March 29, 2023                                                                      ________________________________

                                                                                                                   Hon. Mitchell Beckloff

                                                                                                                   Judge of the Superior Court

 

 



[1] Plaintiff contends Defendants untimely filed their opposition. Plaintiff is correct. Nonetheless, the court overlooks the untimely filing given there appears to be no prejudice. Plaintiff also argues Defendants’ supplemental opposition combined with their original opposition exceed applicable page limitations. For purposes of this request for a preliminary injunction, the court considers only Defendants’ later filed “supplemental” opposition.

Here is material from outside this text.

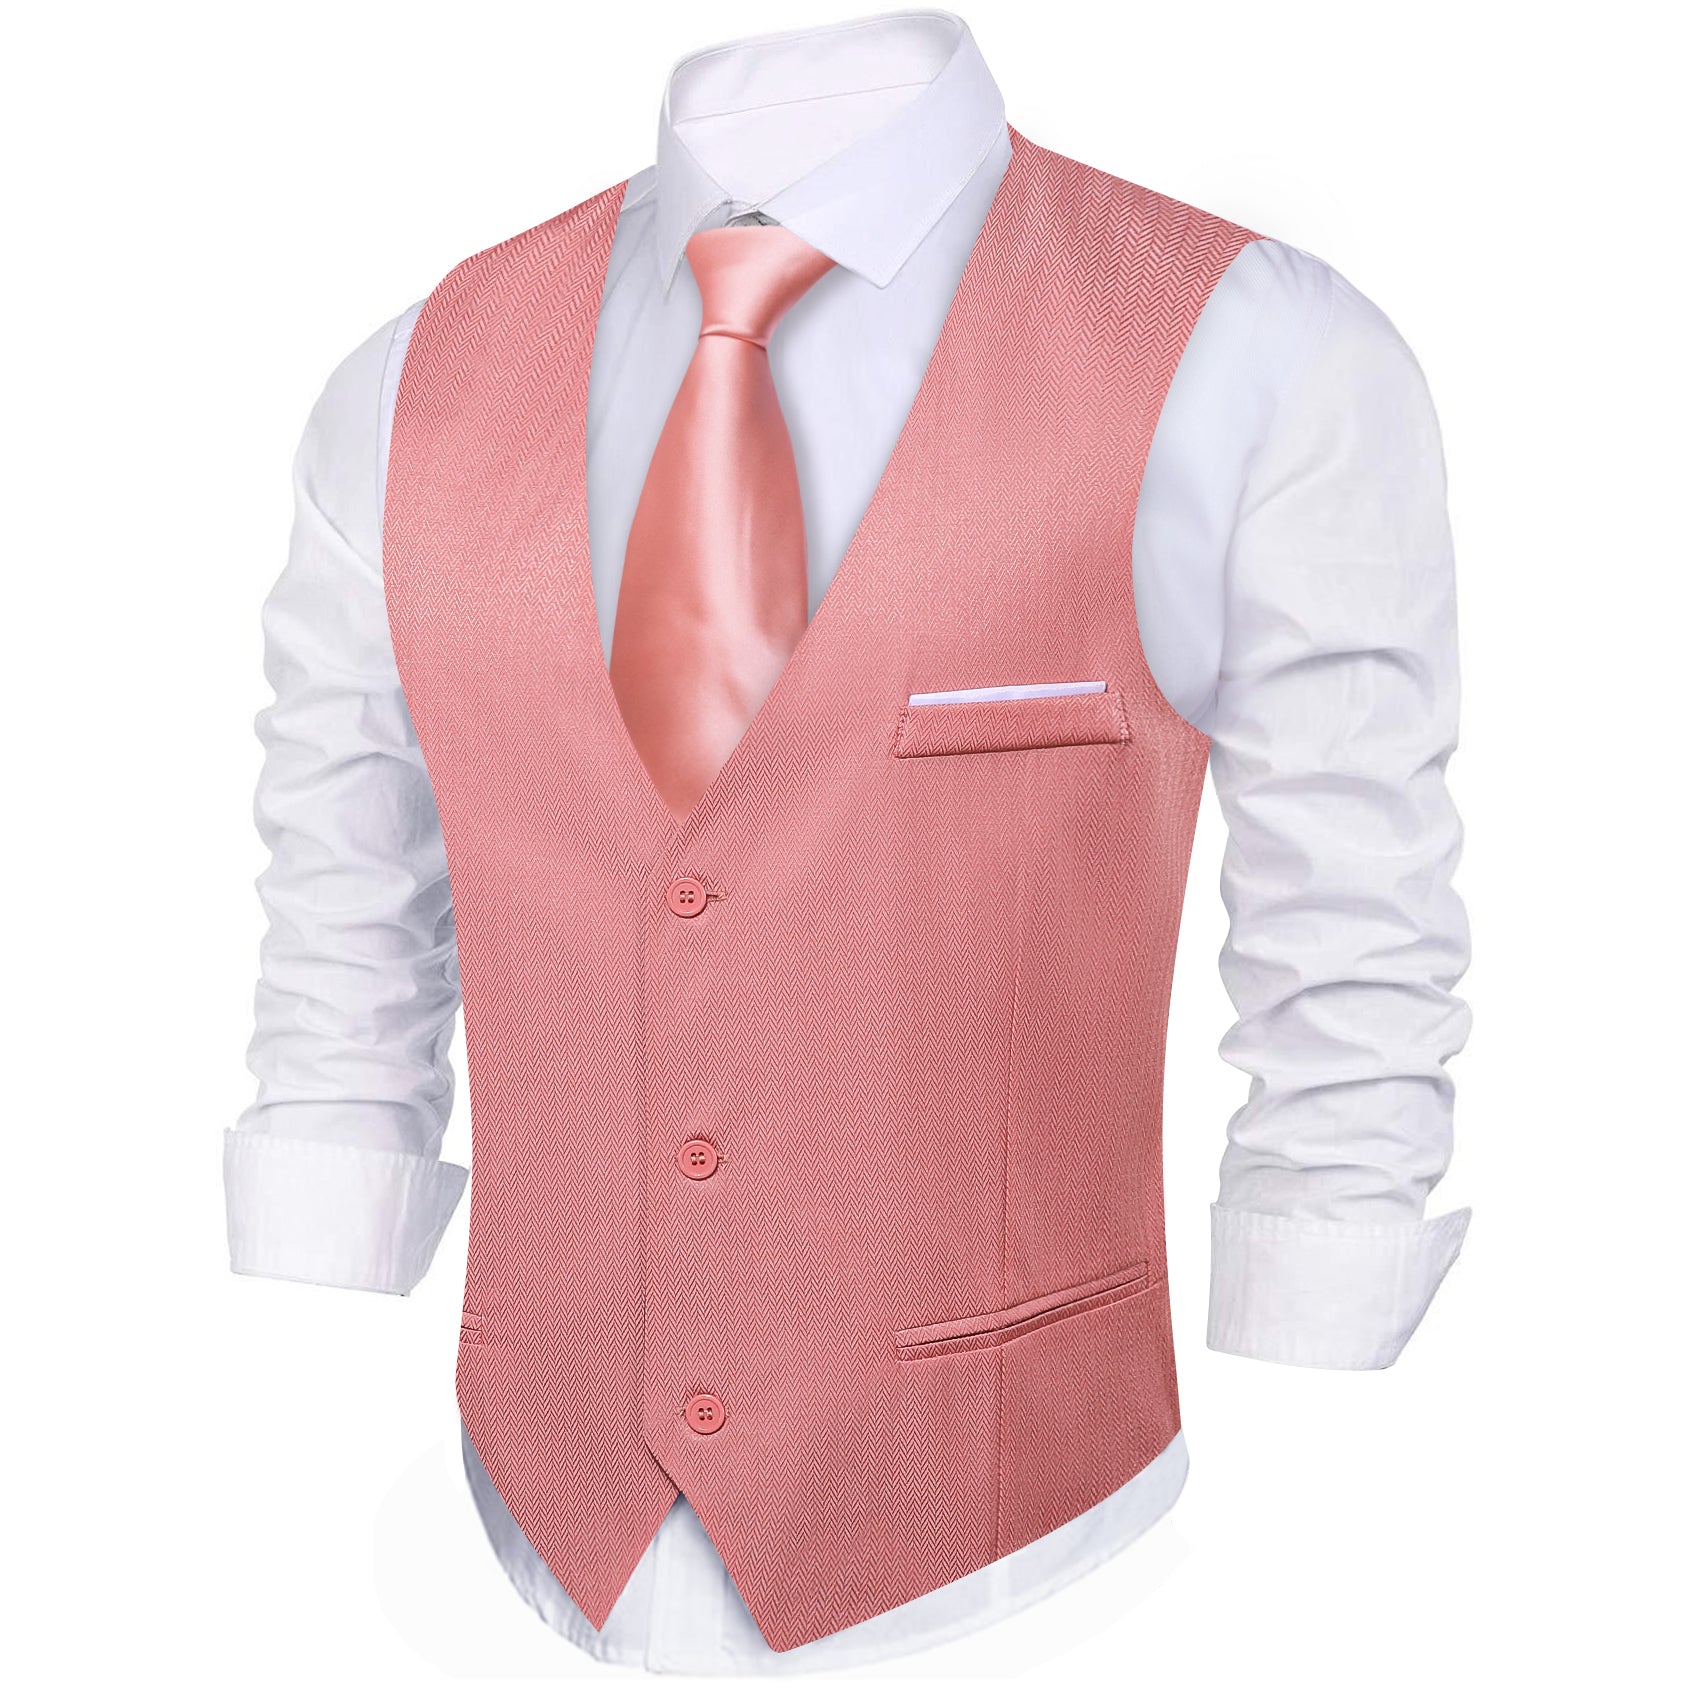 Men's Light Red Solid Vest Suit for Business

[2] On January 23, 2023, Plaintiff filed its first amended complaint and dismissed its statutory claim for an alleged violation of Civil Code section 2943. Defendants contend the Civil Code section 2943 claim served as the only claim for which Plaintiff had standing to pursue as an “entitled person.” Defendants argue none of the claims alleged in the first amended complaint support a preliminary injunction. (Dicecca Decl., ¶ 16.)

[3] In 2014, Corlyn filed a civil action seeking to enjoin the nonjudicial foreclosures of the Property by Wells Fargo. Despite the 2008 quitclaim deed Corlyn asserted he was the borrower in that litigation. (RJN No. 9). Corlyn made similar allegations against Wells Fargo on June 28, 2019 in another action where he asserted: “Mr. Corlyn has standing to sue because, though he does not live at the subject property, he is still the borrower on the loan.” (RJN Nos. 10-11; Dicecca Decl., ¶ 13, Ex. 9 [Corlyn’s FAC ¶ 36].)

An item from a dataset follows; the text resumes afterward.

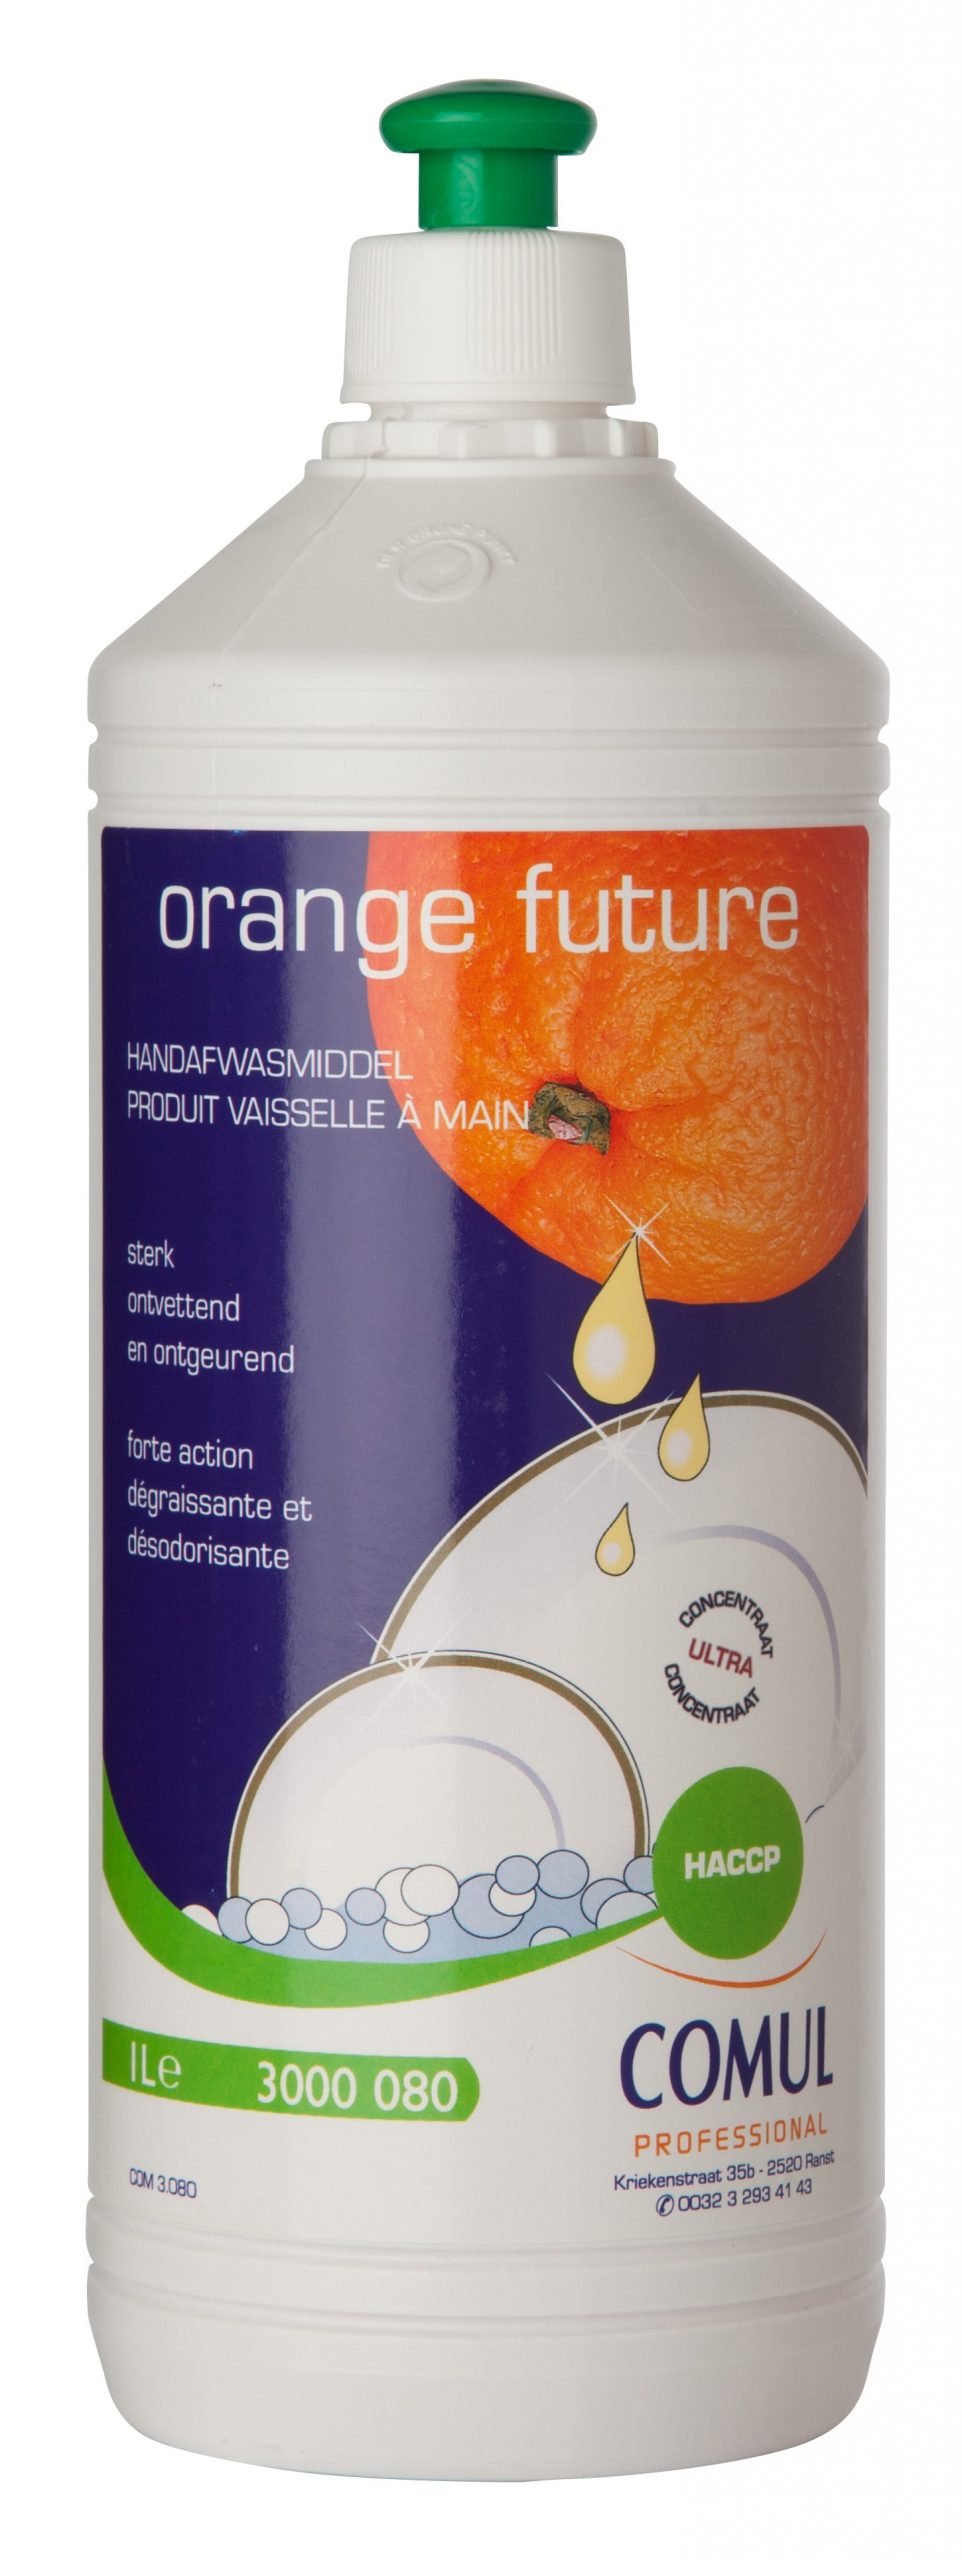 Orange future handafwasmiddel 1l

[4] Quan Wye v. Chin Lin Hee, supra, 123 Cal. at 185 addressed the authority of an assignee (pursuant to a properly assigned contract) to sue on a contract. Nothing here suggests Plaintiff assumed Corlyn’s rights and obligations under the deed of trust.

[5] Don Rose Oil Co. v. Lindsley, supra, 160 Cal.App.3d at 752 cited Quan Wye v. Chin Lin Hee, supra, 123 Cal. at 185 for the proposition as assignee may prosecute an action. Of course, Quan Wye v. Chin Lin Hee, supra, 123 Cal. at 185 arose in the context of a proper assignment. Don Rose Oil Co. v. Lindsley concerned whether an oil company had improperly withheld consent to an assignment. As there is no evidence Corlyn ever attempted to obtain the lender’s consent, the issue raised in Don Rose Oil Co. v. Lindsley is not relevant here.

[6] The Supreme Court did not address the issue of standing in Wellenkamp v. Bank of America, supra, 21 Cal.3d 943. Thus, the court cannot determine whether there was an assignment prohibition in the deed of trust at issue. Here, there is a provision in the deed of trust requiring the lender to consent to any assumption of Corlyn’s rights and obligations under the deed of trust. Defendants do not address the case.

[7] These regulations implement the Real Estate Settlement Procedures Act (RESPA). (12 U.S.C. 2601 et. seq.) Title 12 C.F.R. section 1024.41, subdivision (f)(1)(i) provides “[a] servicer shall not make the first notice or filing required by applicable law for any judicial or non-judicial foreclosure process unless [a] borrower's mortgage loan obligation is more than 120 days delinquent.”

[8] Although SPS made a number of advances for hazard insurance, those amounts were ultimately refunded when satisfactory proof of insurance for the time-periods in question were provided to SPS. Accordingly, any balance due for advances for hazard insurance was eliminated.

[9] Paragraph 1 of the first deed of trust provides “Lender may return any payment or partial payment if the payment or partial payments are insufficient to bring the Loan current.”